Major deviations of this design from ICU (or how I imagine it anyway)
  • ASCII mask symbols only (for ease of writing)
  • Space (internationally recommended thousands separator) instead of comma (used in ICU and Excel) as group separator (for better readability, esp. for low sighted)
    Note: it only affects masks spelling. Resulting separator is defined by locale data, which allows masks to stay as culturally neutral as possible (no hardcoded currency symbol, no hardcoded separators, no hardcoded digits, etc.)
  • Whole digit truncation is disabled: mask 0 formats 123 as 123, not as 3 (rarely needed use case, likely to induce bugs)
  • Period . is required for fixed-precision masks, e.g. #0., not #0 (allows to get rid of complexity of @ symbol and simplifies engineering notation significantly)
  • Period . is not output if no digits follow it,e.g. 0. mask formats 11 as 11 not 11. (unlikely ever needed use case, absence of which allows to simplify the design)
  • No infinite precision output (e.g. # and #E0 in ICU). If we want max precision, why are we even calling format? I find it awkward that in ICU # is infinite precision, #. is any number without fraction but with a dot (which cannot be removed?), and 0 is a single digit only. This is messy. In the case we later need this, we can just define a 16-digit mask and assign a name to it.
Design notes
  • While exponent case E/e can be resolved by the substitution character solely, x (formatted as ×) affects subsequent chars, making them superscript, so it has to become a separate mask char.

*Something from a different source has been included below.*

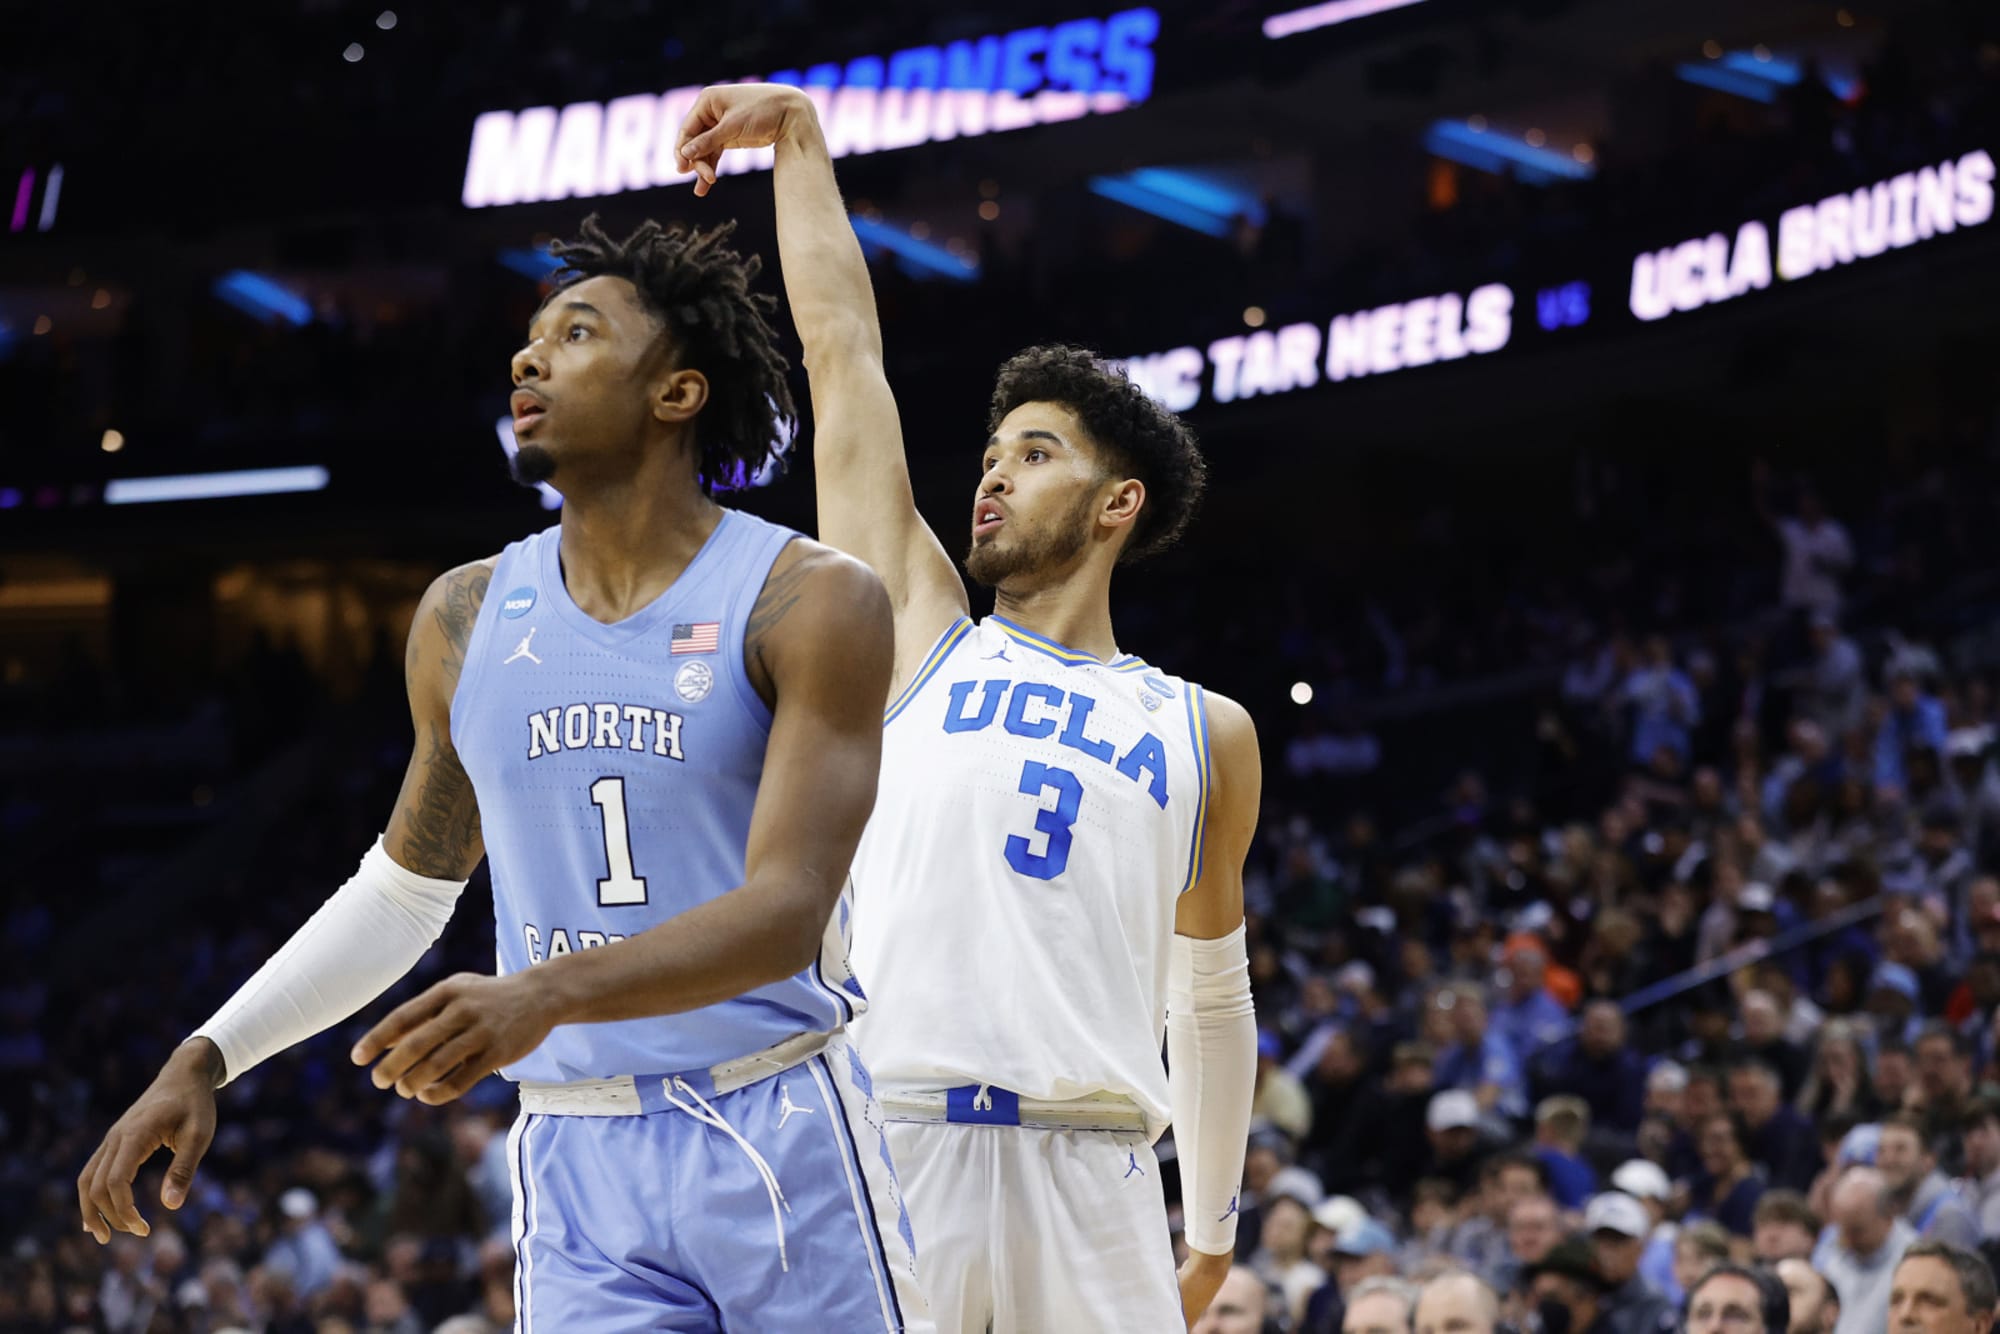 UCLA's Johnny Juzang declares for NBA draft, but isn't gone yet – Daily News

  • ? char (used for alignment) is not supported, because this hack only works for monospaced fonts. When using variable-width fonts, Excel kerns each digit separately in this mode to make digits and spaces equally wide, but fails on many fonts. It simply doesn't make sense to complicate masks if workaround still has to be implemented in GUI widgets. Proper way to align digits would be to create a sort of number-field widget based on field that would position each char individually and aligned under the dot. Gregg though thinks ? is still useful for .txt report files printed in monospace fonts and that those are still relevant. We agreed to wait until someone actually requests that for a real world task.
  • ICU recommends: "Programmers are used to the fallback exponent style 1.23E4, but that should not be shown to end-users [...] to show a format like 1.23 × 10⁴", but I don't see any support for that in their docs.
  • Multiple semicolon-delimited patterns (pos/neg in ICU, pos/neg/zero/text in spreadsheets) are not supported, because we have smart () for accounting.
  • Unicode variants of the ASCII sigils might be supported too: ¤ for $, for %o, × for x. Former two symbols are not even in the font I'm using in the editor, permille doesn't appear even in my browser font, so I imagine they are not going to have a lot of fans.